Humza Yousaf came into the job having happily accepted the mantle of “continuity candidate” from the Nicola Sturgeon era.
However he has since slashed his predecessor’s policy platform to ribbons, ditching a succession of key pledges and kicking others into the long grass, all while promising “a fresh start”.
This by-election will be a chance to see how popular that approach has been with the electorate, and whether Mr Yousaf can continue Ms Sturgeon’s record of success at the ballot box.
The SNP clearly see Labour as their key rivals at the next election, and have been workshopping attack lines against them for months.
Their core campaign message is coming into focus too – that while Labour may offer a change of government at Westminster, only the SNP are offering “real change” via independence.
Indeed the phrase “SNP only party offering real change with independence” now features as the second line in nearly all one of their press releases, with almost 20 of them during the month of July alone.

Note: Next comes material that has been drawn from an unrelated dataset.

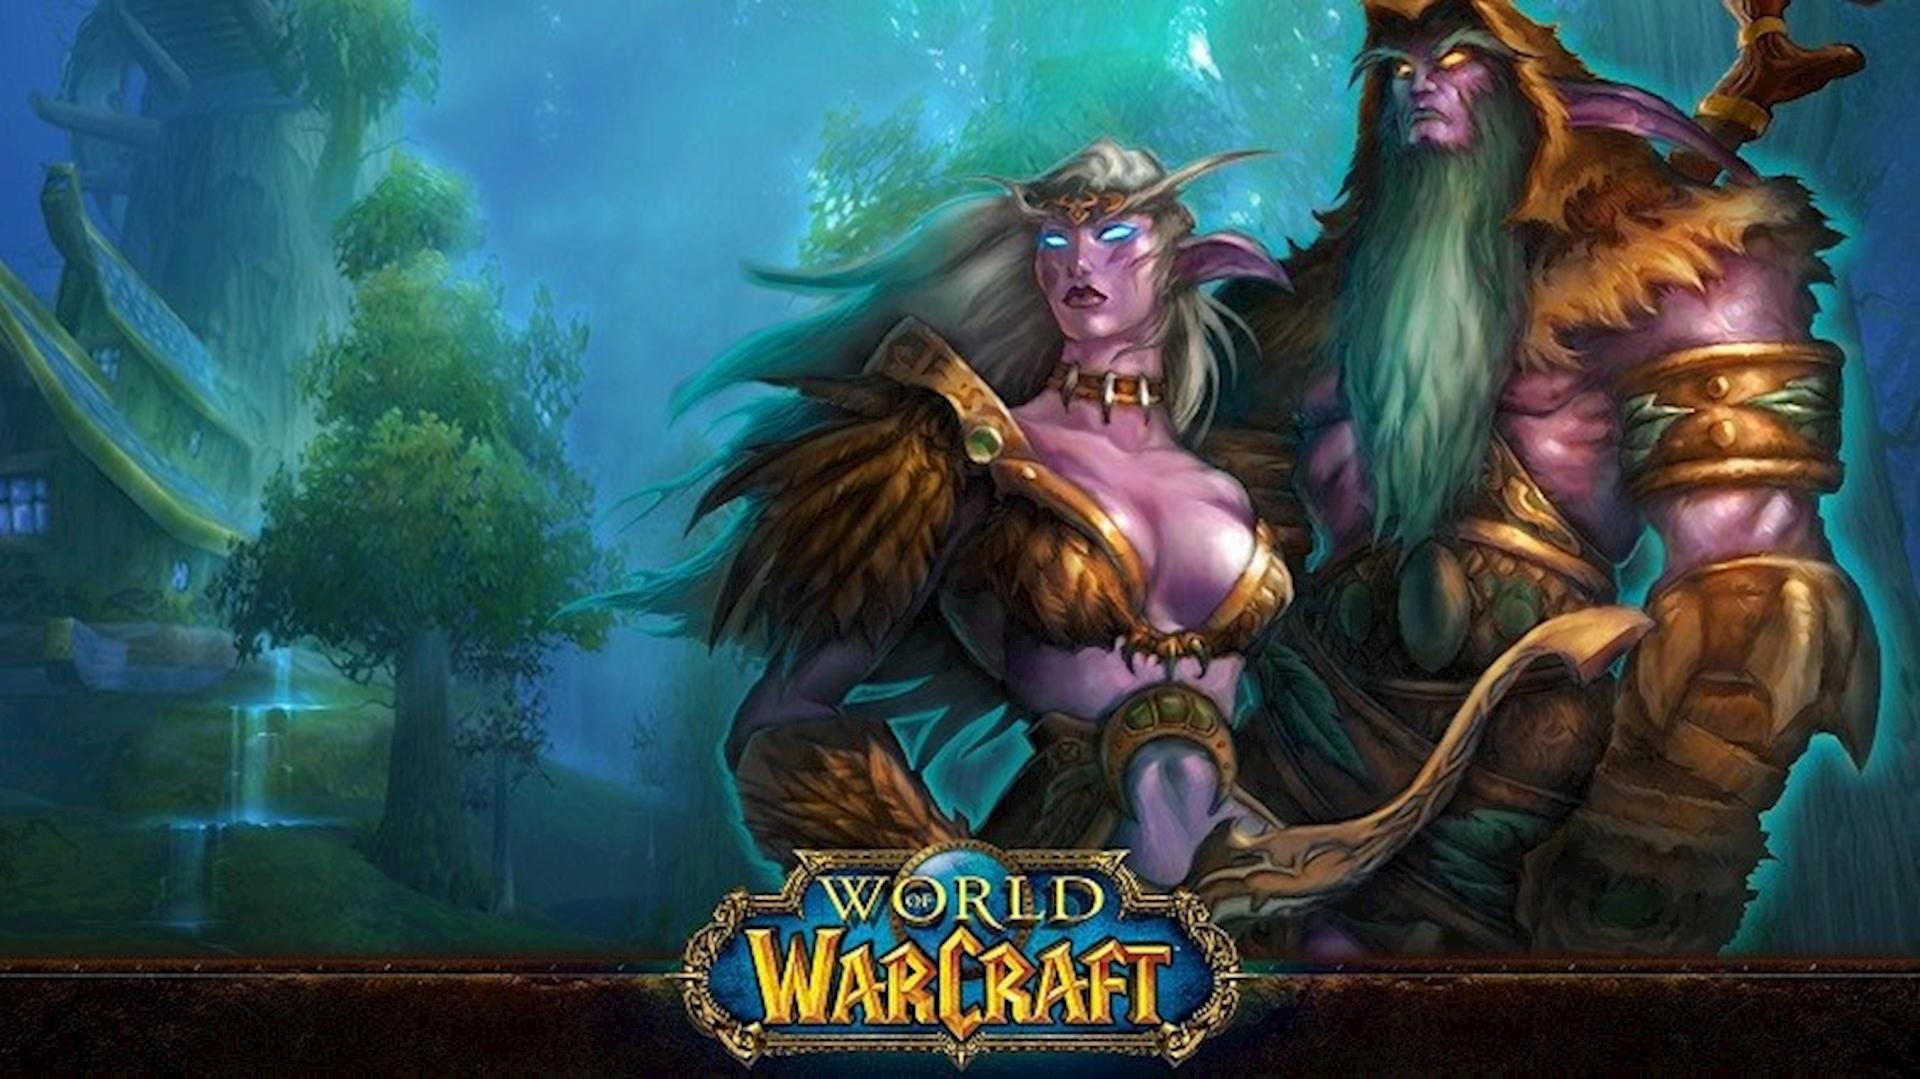 World of Warcraft'a Büyük Güncelleme Geliyor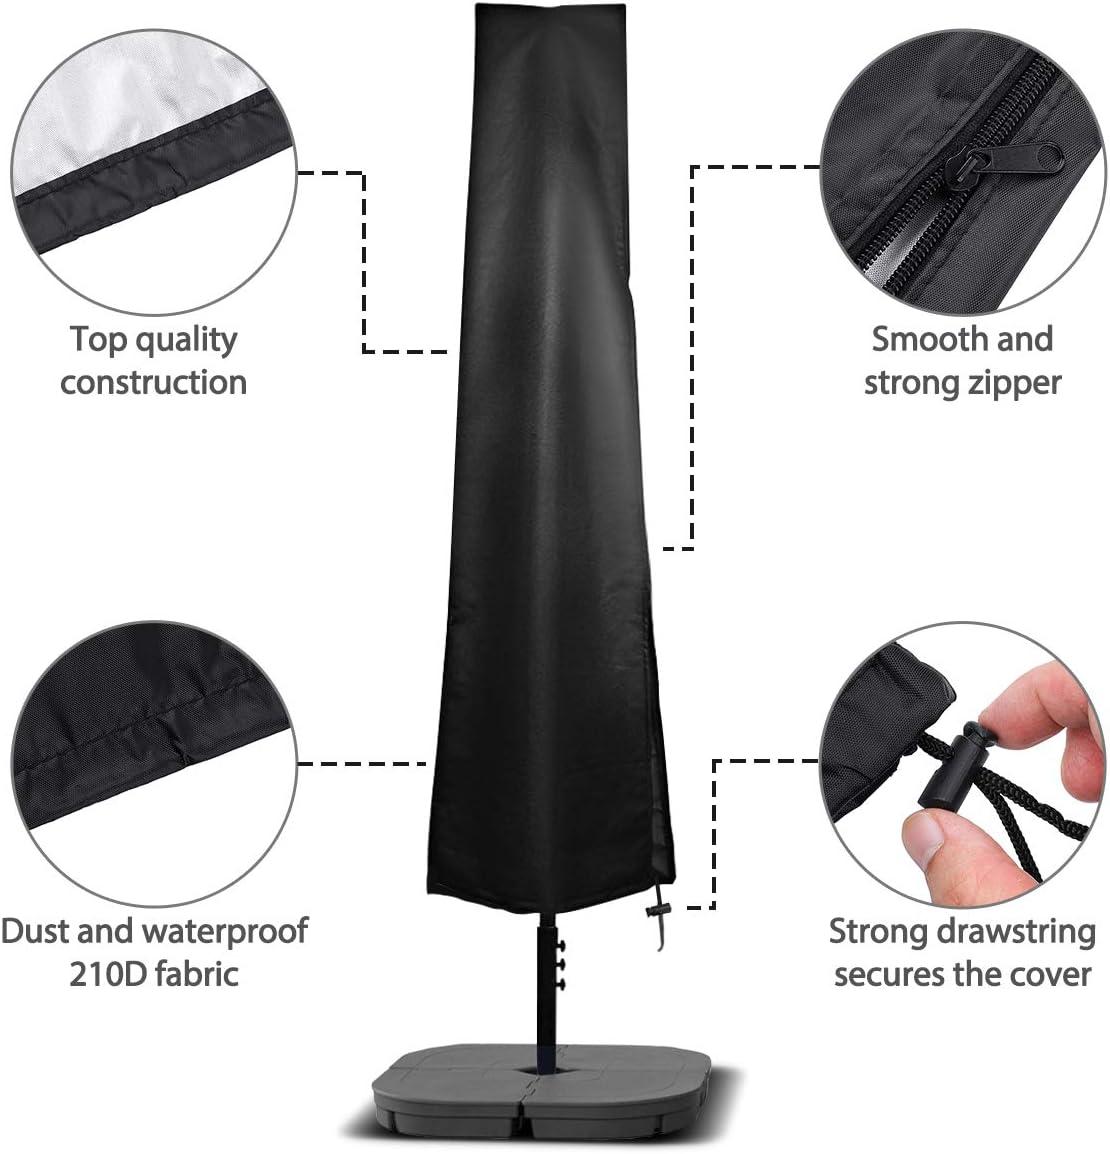 Copertura Telesc/ópica de Paraguas en Tela Impermeable Oxford 210D para Di/ámetros de 2m-4m con Cubierta de Poste Telesc/ópico 190 x 30//50cm NASUM Funda Protectora para Sombrillas Negro

That slogan will shortly feature prominently on leaflets dropping through letterboxes across South Lanarkshire.
But Labour will not want to engage in a constitutional bunfight the way the Conservatives are always happy to – so it will be intriguing to see the extent to which the question of independence factors in the campaign.
5. It’s the final showdown
Whoever wins the seat will know that they will likely have to fight the campaign all over again in about a year’s time, with a general election looming.
This will be no dress rehearsal though – in fact it will likely be the last election to Rutherglen and Hamilton West.
New constituency boundaries have been drawn up and look set to be confirmed ahead of the next election, and a decent number of locals will be guaranteed to have another new MP – potentially their third in a year.
The constituency is being split up, with Rutherglen becoming a seat in its own right while absorbing more of Uddingston, while the western patch will join a new Hamilton and Clyde Valley seat.
Boundary changes are planned right across the UK, with some big changes having been drawn up in the first alterations since 2005.
So not only will the winner be back out on the doorsteps within a matter of months, they might not even be canvassing the same streets.
But they will feel they have built some crucial momentum ahead of that pivotal UK-wide contest.